SUPPLIED DATA ->
★ ★ ★ ★ ★ ★ ★

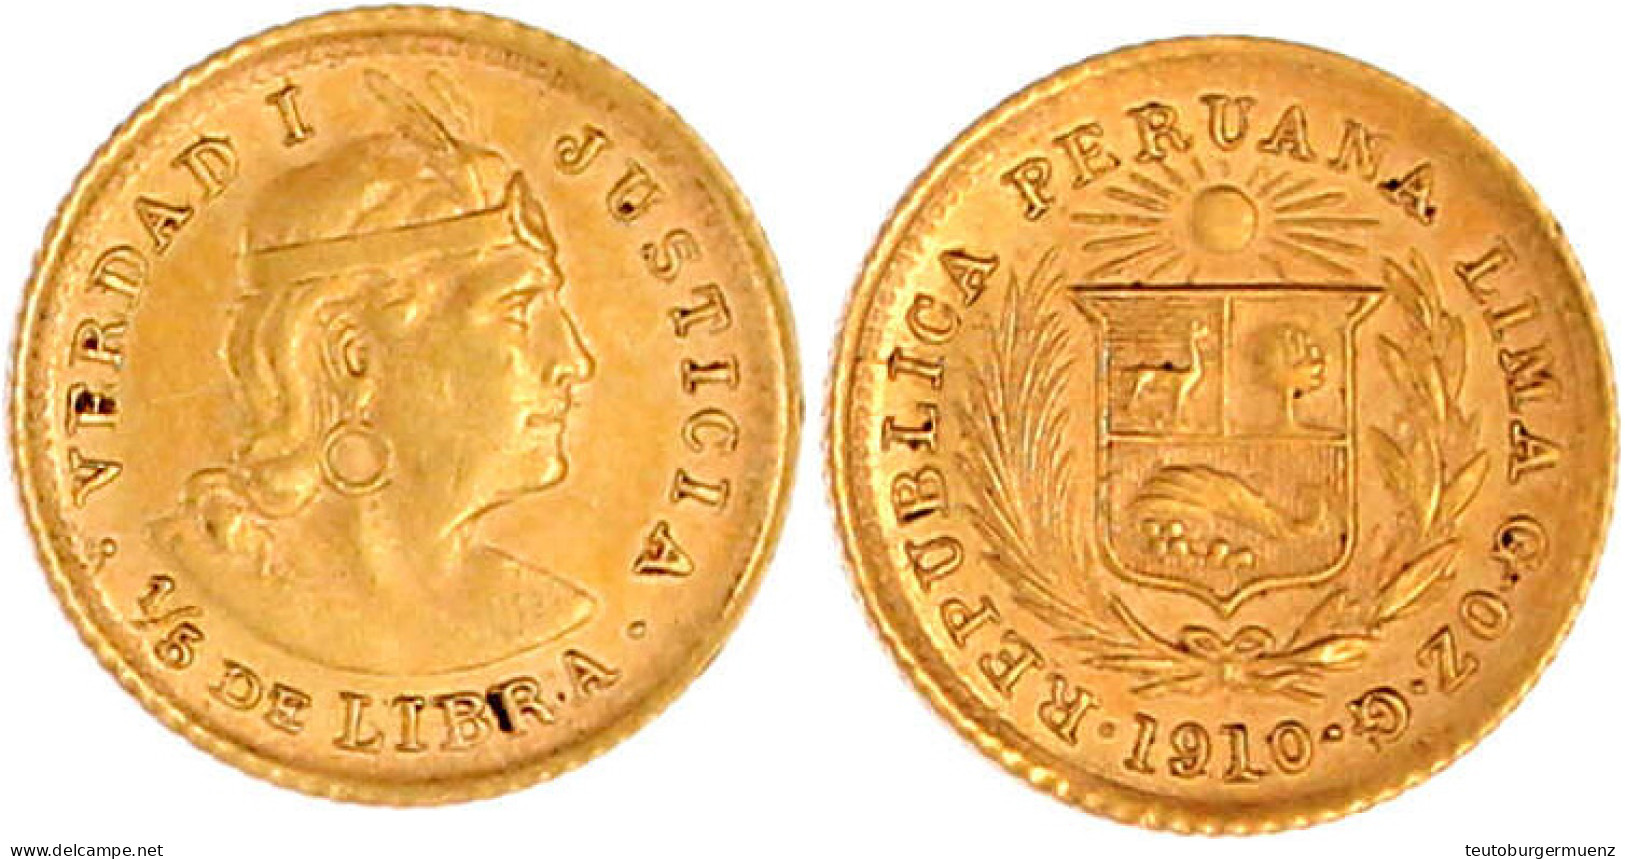 1/5 Libra (1/5 Pound) 1910. 1,60 G. 917/1000. Vorzüglich, Winz. Randfehler. Krause/Mishler 210. - Peru
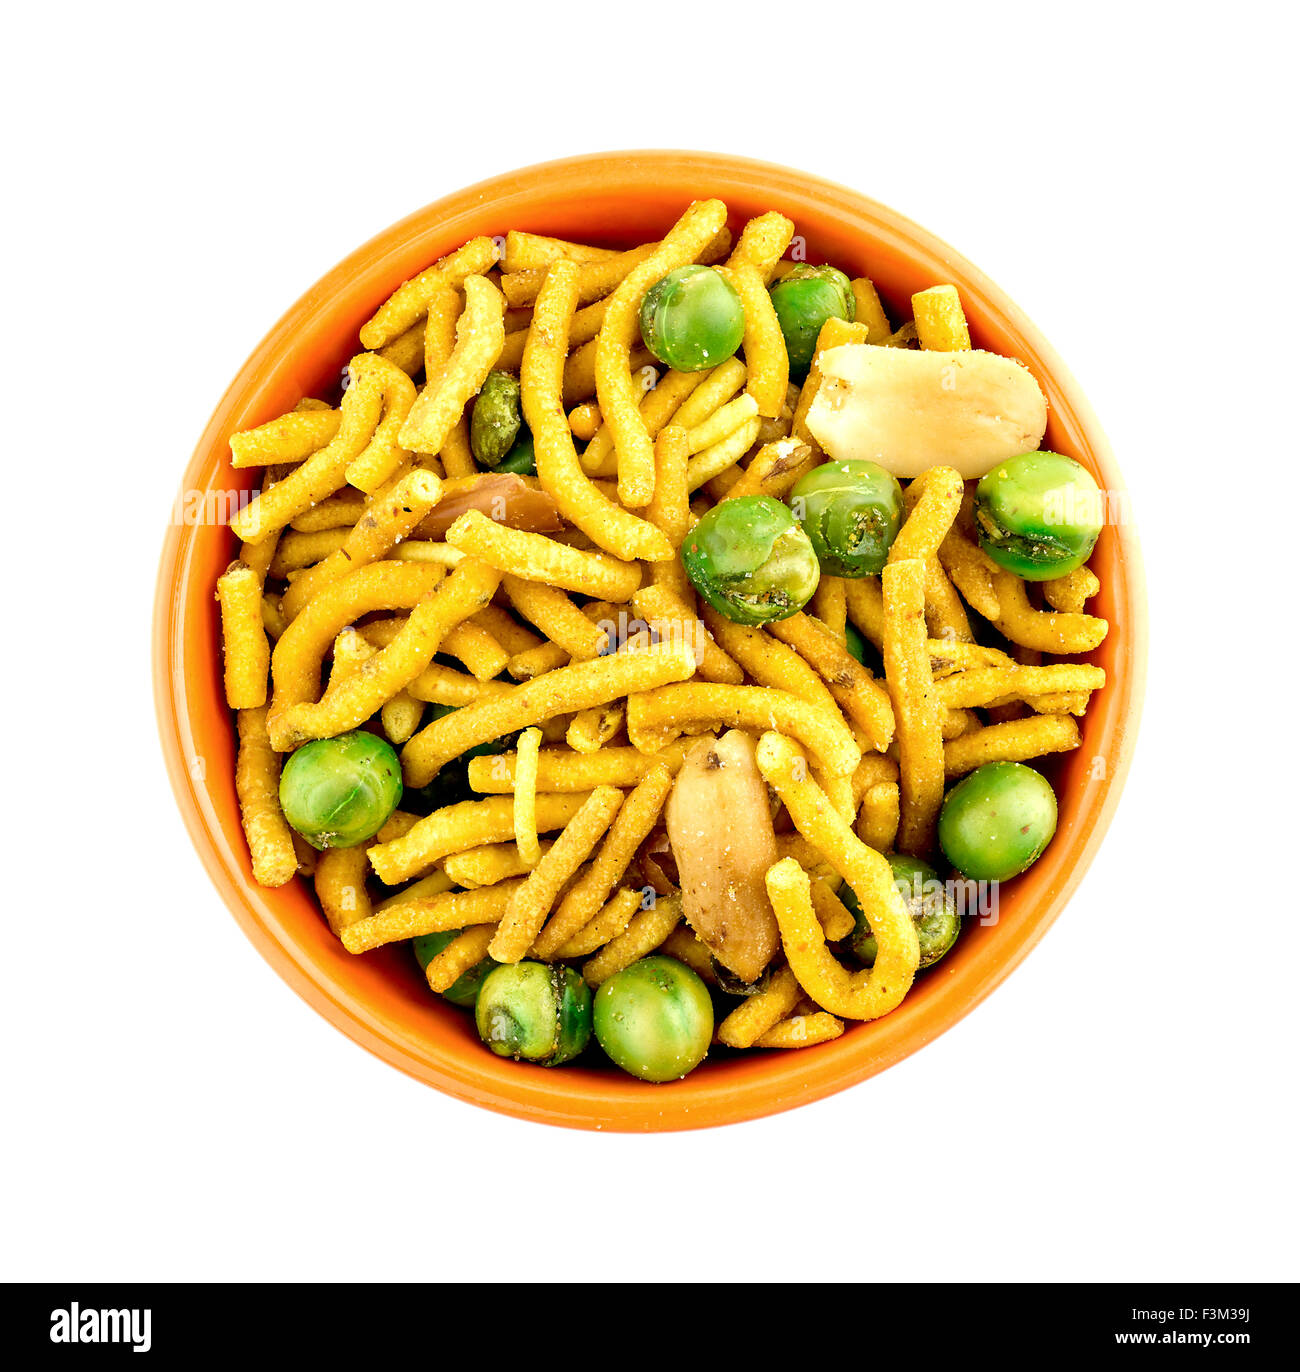 Vue aérienne de la cuvette de spicy tasty snack-chevda indien Banque D'Images
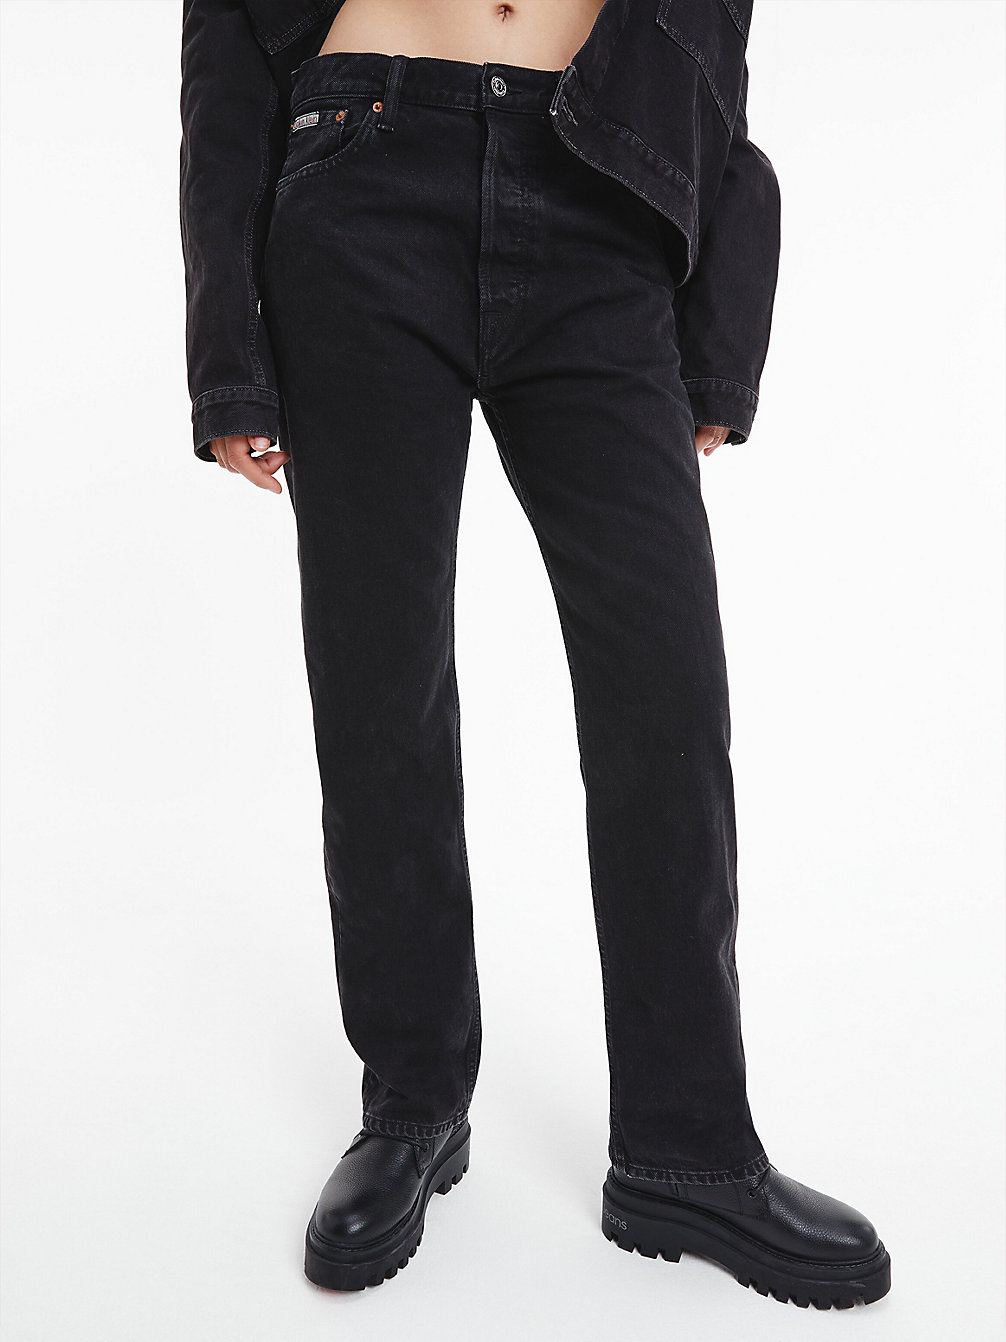 DENIM BLACK Unisex Straight Jeans - CK Standards undefined unisex Calvin Klein
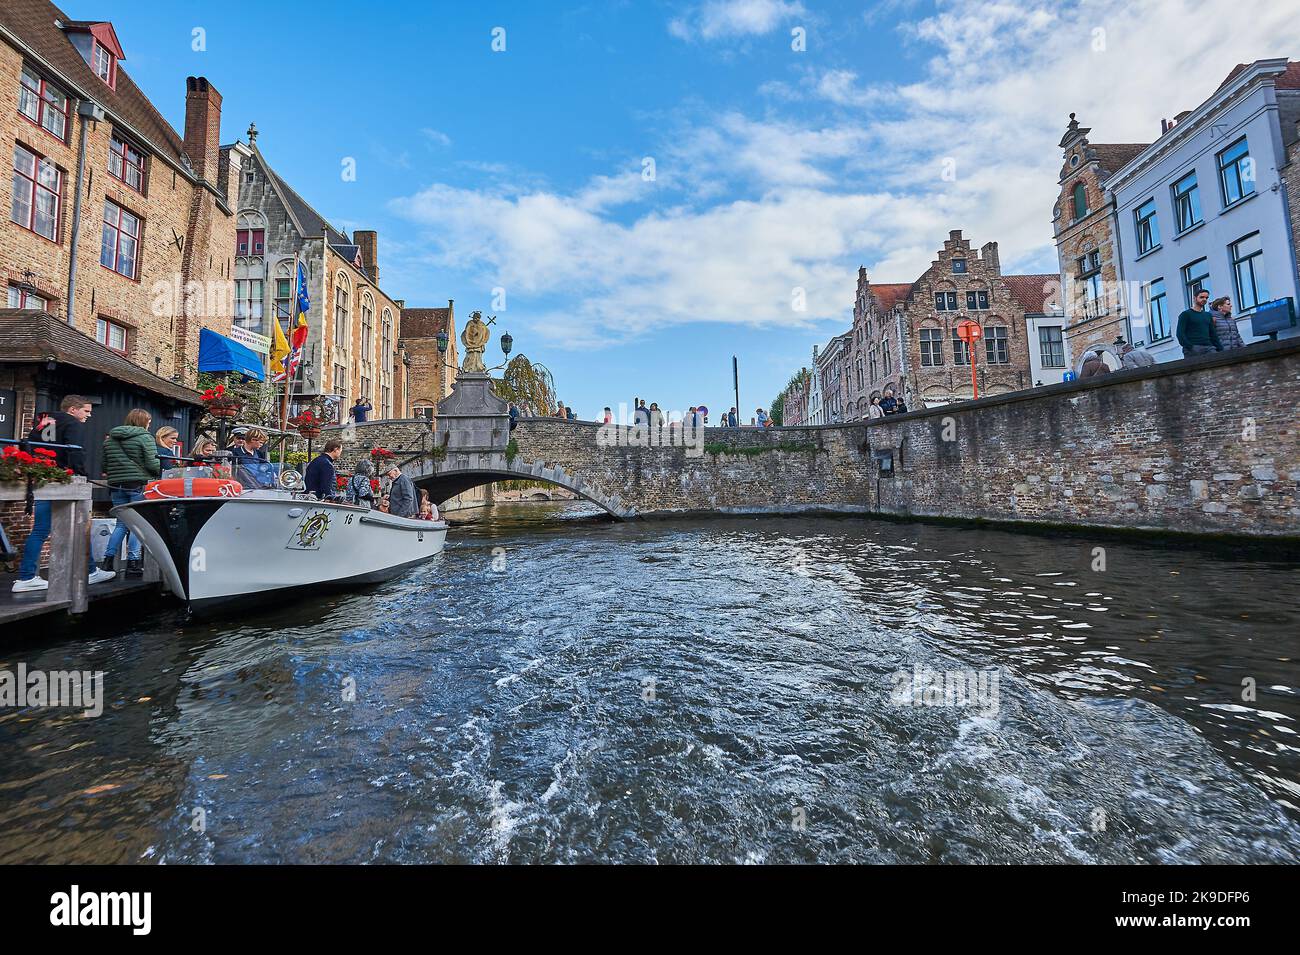 Brujas (Brujas) en Flandes, Bélgica y barcos turísticos operan en el canal Groenerei en el corazón de la ciudad histórica. Foto de stock

★ ★ ★ ★ ★ ★ ★

ASSIGNMENT -> Reproduce the entire listing exactly, except for any pictures it contains.

TASK RESULT ->
 1/5 Libra (1/5 Pound) 1910. 1,60 G. 917/1000. Vorzüglich, Winz. Randfehler. Krause/Mishler 210. - Peru
 Vue aérienne de la cuvette de spicy tasty snack-chevda indien Banque D'Images
 DENIM BLACK Unisex Straight Jeans - CK Standards undefined unisex Calvin Klein
 Brujas (Brujas) en Flandes, Bélgica y barcos turísticos operan en el canal Groenerei en el corazón de la ciudad histórica. Foto de stock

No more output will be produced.